Ok, So I was buying Wal mart gallon spring water for a lil while, weird thing is that when I add just 1 drop of my ph down to the water the ph will drop almost a whole point, making it a pain in the *** when the ph is like 6.9 and I am trying to get it to 6.5. So to find a solution I went from store to store trying to find water that will work with my ph down better or have a closer ph to 6.5 and I found it! Across the street from my house there is a Dollar General with this gallon water called Melwood Springs, it has a red cap on it.

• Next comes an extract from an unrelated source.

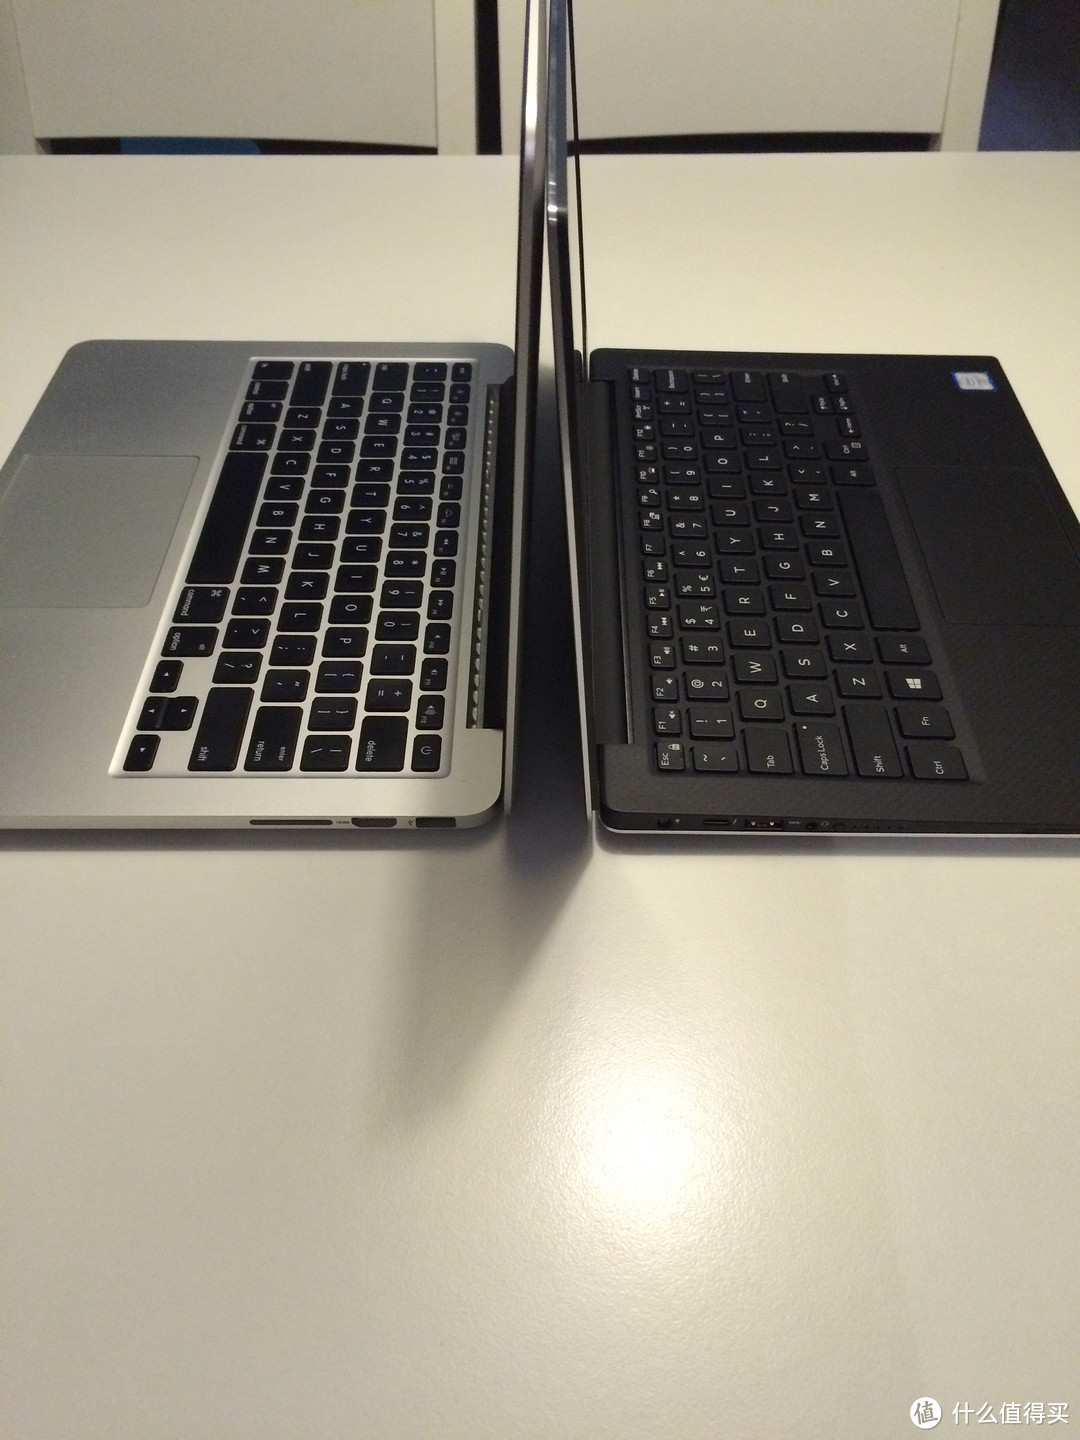 粗谈DELL 戴尔 XPS 笔记本电脑 与Apple 苹果 MacBook Pro 笔记本电脑

It consitantly ph's 6.4-6.6. Not to mention when I am adding nutes to it and the ph starts to go up, my ph down wont make it drop drastically making it super easy to ph even if needed. just thought I would share..


----------



## the chef (Mar 19, 2010)

Appreciate the info!


----------



## loolagigi (Mar 19, 2010)

:yeahthat:


----------



## pcduck (Mar 19, 2010)

> Not to mention when I am adding nutes to it and the ph starts to go up,



:confused2: When I add nutes my pH always goes down :confused2:

I would be wary of _Spring Water_, that there maybe additives/unknown elements in the water. I have bought _Spring Water_ that had a higher ppm then my tap water.


----------



## PencilHead (Mar 19, 2010)

No RO machines where you live?  It's waaaay cheaper than even a dollar store, I'd bet.


----------